Der Haushofmeister hatte sich eben mit weltmännischer Verbeugung zurückgezogen.
»Vorwärts! polterte Titbury heraus. Das Reisegepäck her und zurück nach Chicago! Hier bleib’ ich keine Minute länger… Die Stunde zu acht Dollars!…
– Seh’ mir einer!« antwortete die eigenwillige Matrone.
Die Stadt des Halbmondes – so nennt man die Hauptstadt Louisianas, die 1717 an einer Biegung des sie im Süden begrenzenden Stromes gegründet wurde, saugt sozusagen ganz Louisiana auf. Die anderen Gemeinwesen des Staates, Bâton-Rouge, Donadsonville und Shreveport zählen elf-bis zwölftausend Einwohner. Fünfzehnhundertvierundsiebzig Lieues (2237 Kilometer) von New York und fünfundvierzig (176 Kilometer) von der Mississippimündung gelegen, vereinigen sich hier neun Bahnlinien und fünfzehnhundert Dampfer vermitteln den Verkehr auf den Verzweigungen des Stromes. Da es die Stadt seit dem 18. April 1862 mit den Conföderierten hielt, wurde sie vom Admiral Farragut sechs Tage lang bombardiert und fiel darauf dem General Butler in die Hände.
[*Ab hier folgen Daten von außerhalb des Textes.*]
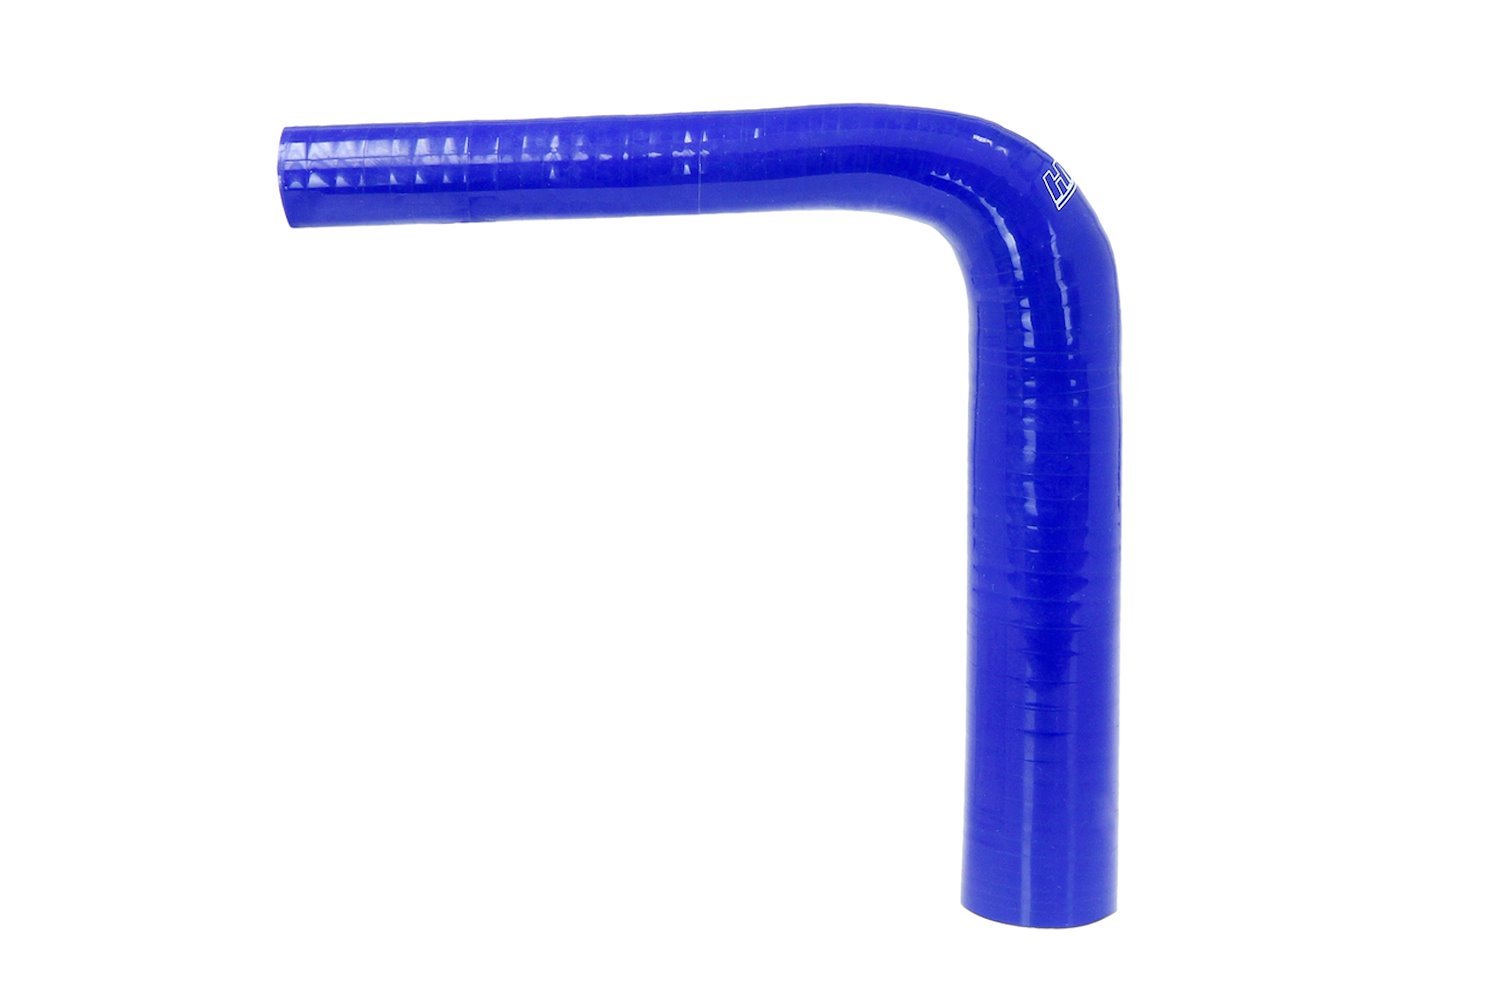 HTSER90-087-138-BLUE Silicone 90-Degree Elbow Hose, High-Temp 4-Ply Reinforced, 7/8 in. - 1-3/8 in. ID, Blue

In dieser Großstadt von zweihundertzweiundvierzigtausend Einwohnern vielfach gemischten Blutes, wo den Schwarzen zwar alle politischen Rechte gewährt sind, doch keine gesellschaftliche Gleichstellung zuerkannt ist, in diesem Rassengemisch von Franzosen, Spaniern, Engländern und Anglo-Amerikanern, in der Metropole eines Staates, der zweiunddreißig Senatoren und neunzig Deputierte zu wählen hat und im Congreß durch vier Mitglieder vertreten wird, hier, wo sich inmitten von Baptisten, Methodisten und Episkopalen ein katholischer Bischofssitz befindet, hier im Herzen von Louisiana sollte nun das aus seinem Hause in Chicago so unerwartet herausgerissene Titbury’sche Ehepaar ein Leben führen, von dem es sich früher auch nicht das geringste hatte träumen lassen. War es aber, da ein unseliges Geschick es einmal so wollte – abgesehen von der etwaigen Rückkehr nach Hause – nicht das Beste, für sein Geld nun auch etwas haben zu wollen? So dachte wenigstens der weibliche Theil des Paares.